A new vulnerability in the Struts 2 web application framework can potentially enable a remote attacker to execute code on systems running apps based on earlier versions of the software.
The vulnerability, announced this week by Apache, involves a potential attacker manipulating file upload parameters in what is referred to as a path traversal attack. Path traversal is a broad term, according to Akamai senior security researcher Sam Tinklenberg.
“In this case, the use of path traversals allows an attacker to upload a malicious file, most likely a webshell, outside of the normal upload directory,” he said. “The exact location will differ from application to application and must be a valid path which can be accessed from the internet.”
The flaw affects only older versions of the Struts 2 framework, and upgrading to versions 2.5.33, 184.108.40.206 or greater should eliminate the possibility of exploitation. It was first reported by researcher Steven Seeley.

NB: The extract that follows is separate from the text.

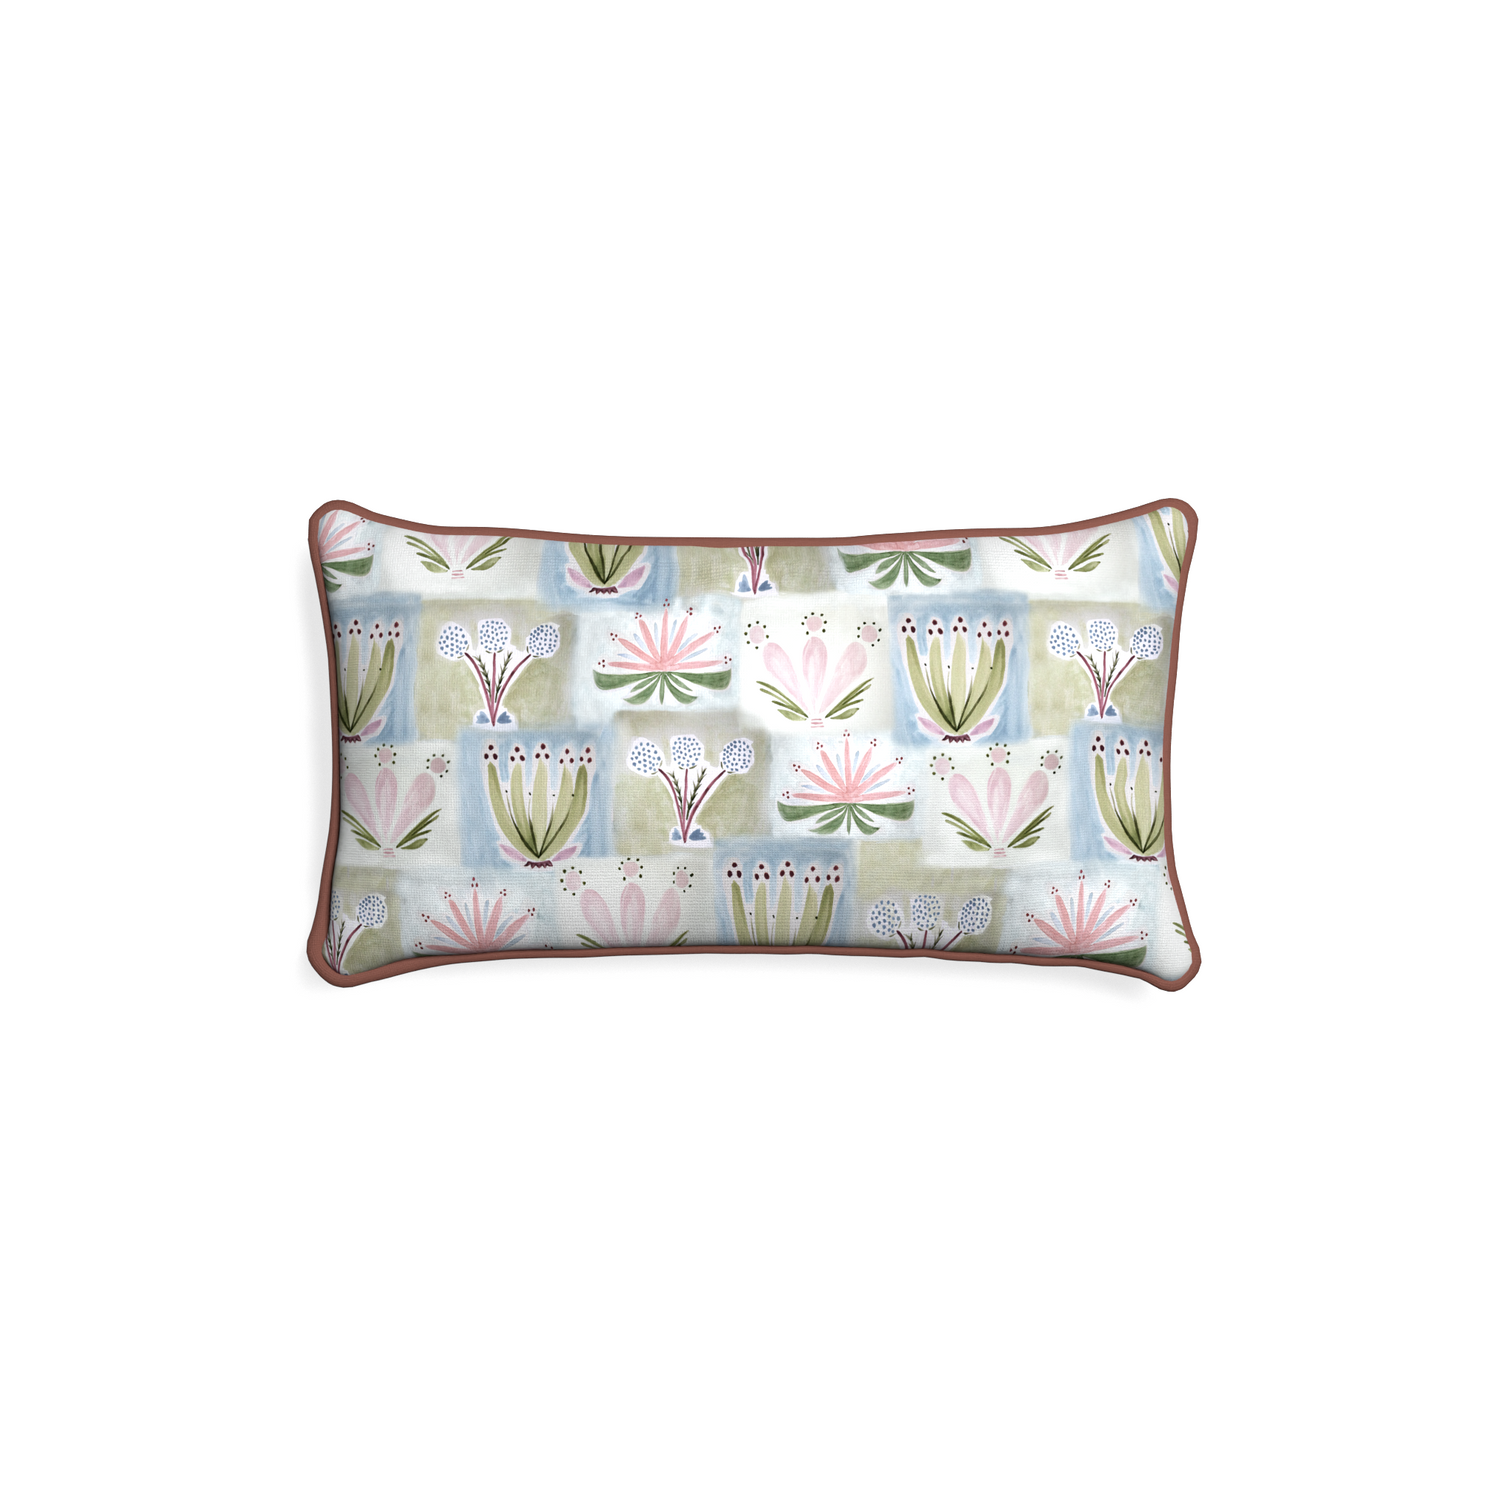 Petite-lumbar harper custom hand-painted floralpillow with w piping on white background

Struts’ maintainers at the Apache Software Foundation urged users to patch immediately, saying that the update is “a drop-in replacement, and upgrade should be straightforward.”
Adding urgency to the need to patch is the news that proof of concept code has been spotted in the wild. A post from the Shadowserver Foundation, a nonprofit security group that bills itself as a leading reporter and tracker of malicious internet activity, on X (formerly Twitter), said that PoC code has been seen on sensors.
Struts 2 is a widely used framework for the development of enterprise web applications, and as such, it’s a common target for cybercriminals, according to Tinklenberg. He noted, however, that there the PoC code being seen in the wild is mostly generic scanning, and doesn’t currently represent an imminent threat.
“For this exploit to be successful, the attack request needs to be tailored to the underlying web application,” he said. “It is not likely, the path and parameter used in the POC [must] exist in a real-world deployment or have the required file upload functionality.”
Vulnerabilities in the Struts 2 framework were at the root of the infamous Equifax breach in March 2017, which saw the personal information of hundreds of millions of people compromised and brought widespread criticism for Equifax. The company was forced to pay more than half a billion dollars in litigation settlements and fines.